To Accidentwalking here-high school student.
My name is loretta,and I'm so sorry you have RSD. It's important that you understand the many symptons of RSD. The more you know and understand what is happening to you will lessen your fear and get control of your health.
Many Drs. really don't have a lot of knowledge about RSD and how to treat it.
People are different in their reaction to medications and treatment. You are in the best place to get procedures that can put you in remission. If you get treatment in the first 6 months you have a good change to get blocks that stop the cycle of pain signals going to your brain. I did not get an accurate diagnosis for maybe 3 years......then the pain signals become independent pain signals. Do a lot of research before accepting a form of treatment.

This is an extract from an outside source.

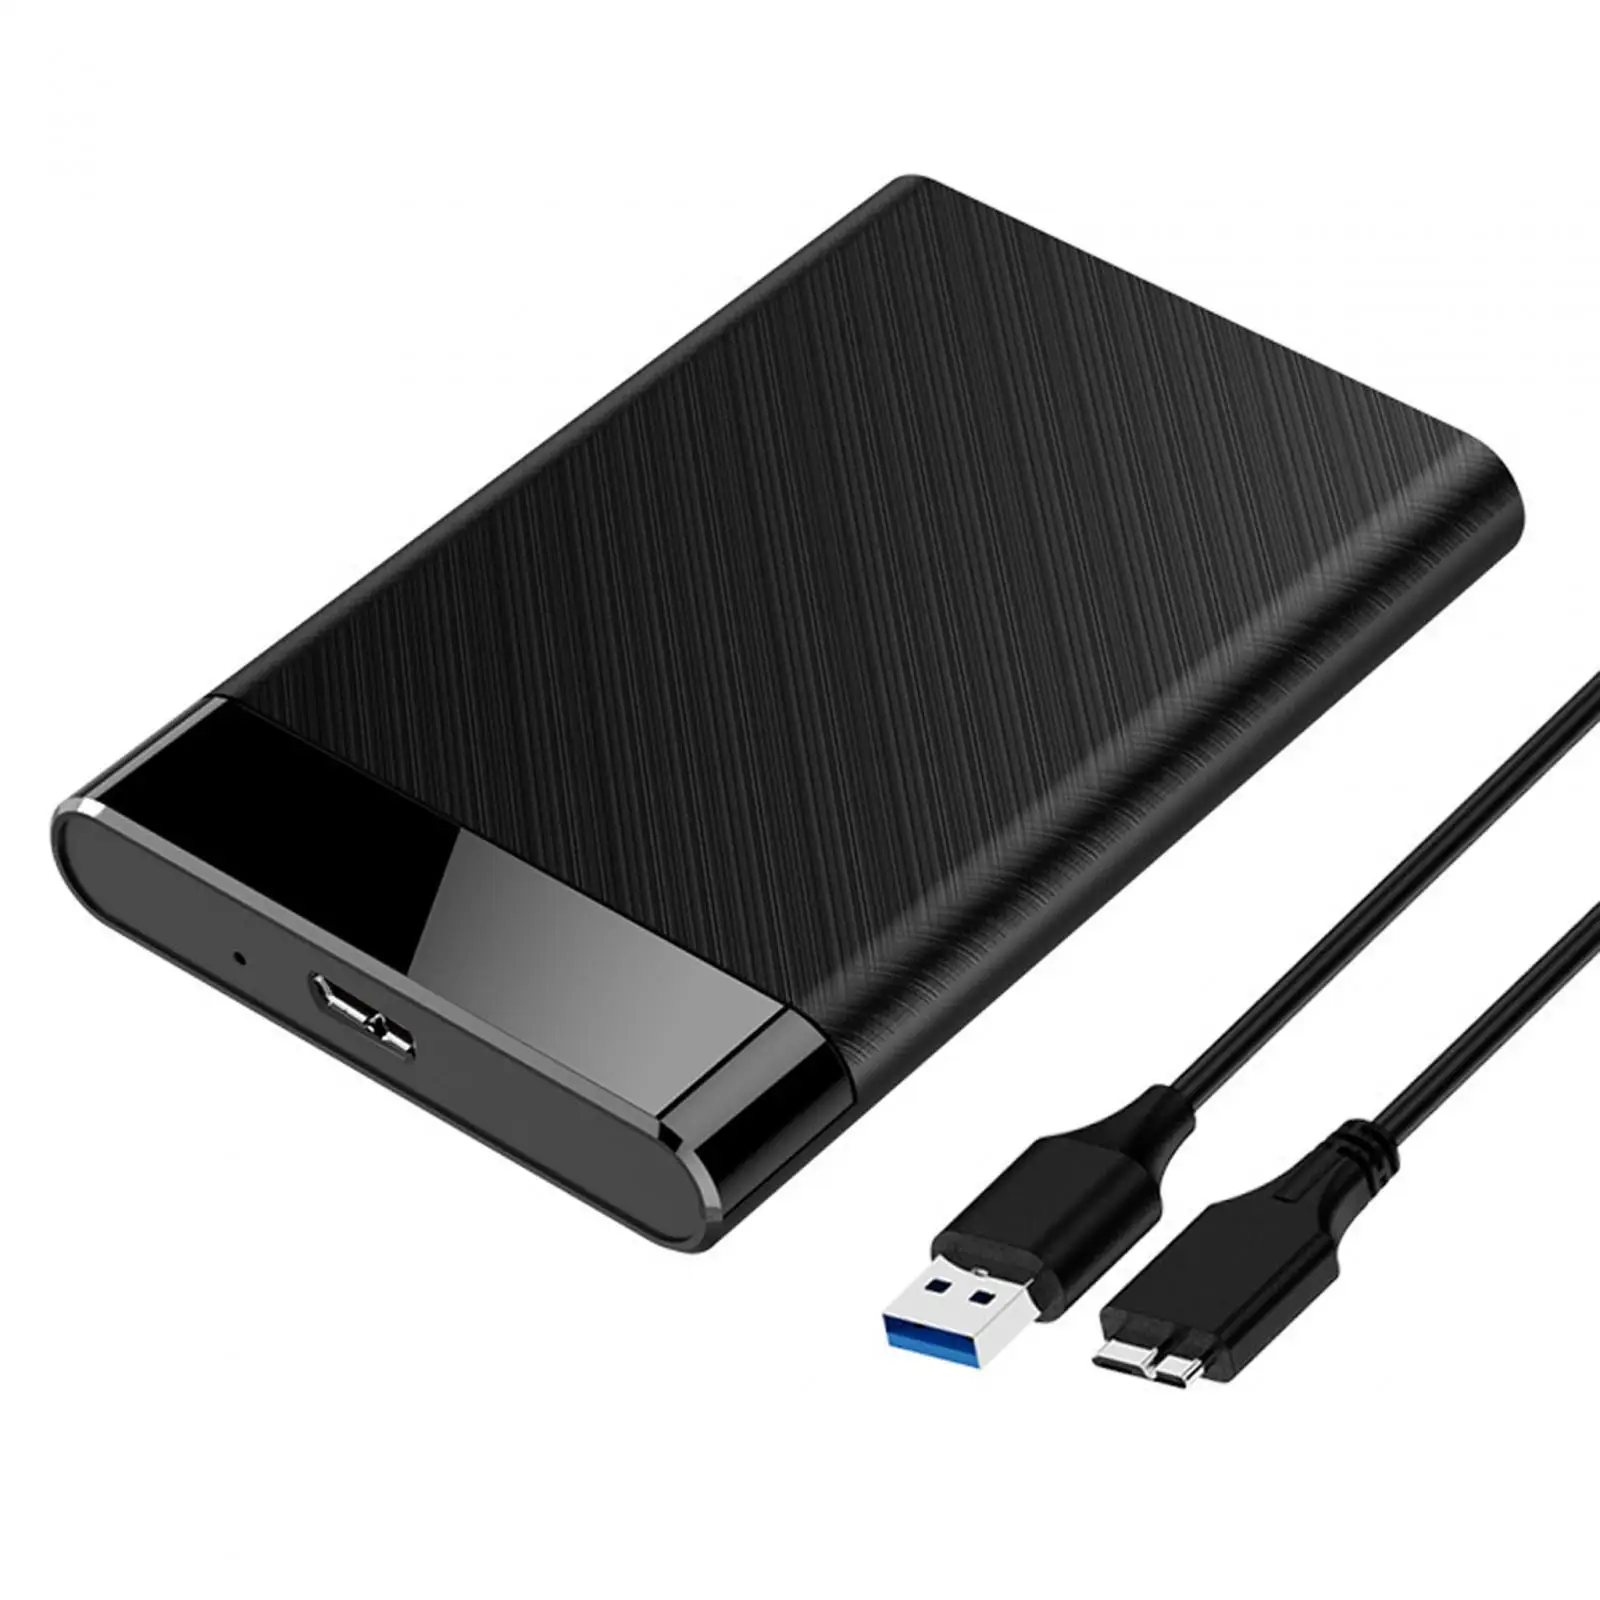 2.5inch External Hard Drive SATA to USB 3.0 SSD Enclosure Lightweight tool free for 2.5inch SSD Support for Laptop Accessories

Ask you Dr. how many rsd patients he has treated. If you decide to get a block, it's done by an anethesiologist. Ask how many blocks he/she has done...I'm so sorry you have this monster of a disorder. Your right, it's difficult for anyone to really understand, even family. That's why this forum'is so wonderful. There are so many wonderful people, young ones in school and college. The people here have a tremendous amount of collective knowledge..Depression goes along with rsd, because the disorder affects the limbic part of your brain that controls emotions. It affects your blood pressure both high and low, your circulation, anti-depressant meds are effective for nerve pain. I am on two different ones. Also anti-seizure meds are effect on nerve pain. Neurotin has been used for years. I was on it for a long time, but I've switched to Lyrica and it is more effective. Besides Vicodin, I also take an anti-anxiety med. Also a sleeping pill occassionally. Two different blood pressure meds. I didn't have blood pressure issues before rsd. My daughter and I snow skied, water skied, played tennis (really we were fanatics) worked out together at a club. It is such a loss to loose being able to do all that. It is life changing. I went thru a serious grieving process. I have full body rsd now for 12 years. Mine started the day after surgery-I had frozen shoulder. I went thru about 100 physical treatments to get the range of motion back. A few months later it moved to the other shoulder- more therapy. Then my left hand was injured-a nerve pull while water skiing. more therapy so painful. use of my fingers is limited. it's like a frozen claw. then moved to other hand then moved down to both feel and lets. About 6% get full body. Where do you have rsd. what treatment plan do you have? Another site that answers many questions is rsdrx.com The puzzle part is very good. Having the right Dr. is so very important. Mine is just wonderful.He is a neurologist, phmacologist, and a phyciatrist. Please let
us know how you are doing. You can share your true feelings, it is such an adjustment in life and we can't do it by ourselves.Everyone here really cares.
Sincerely, loretta jewell from arizone.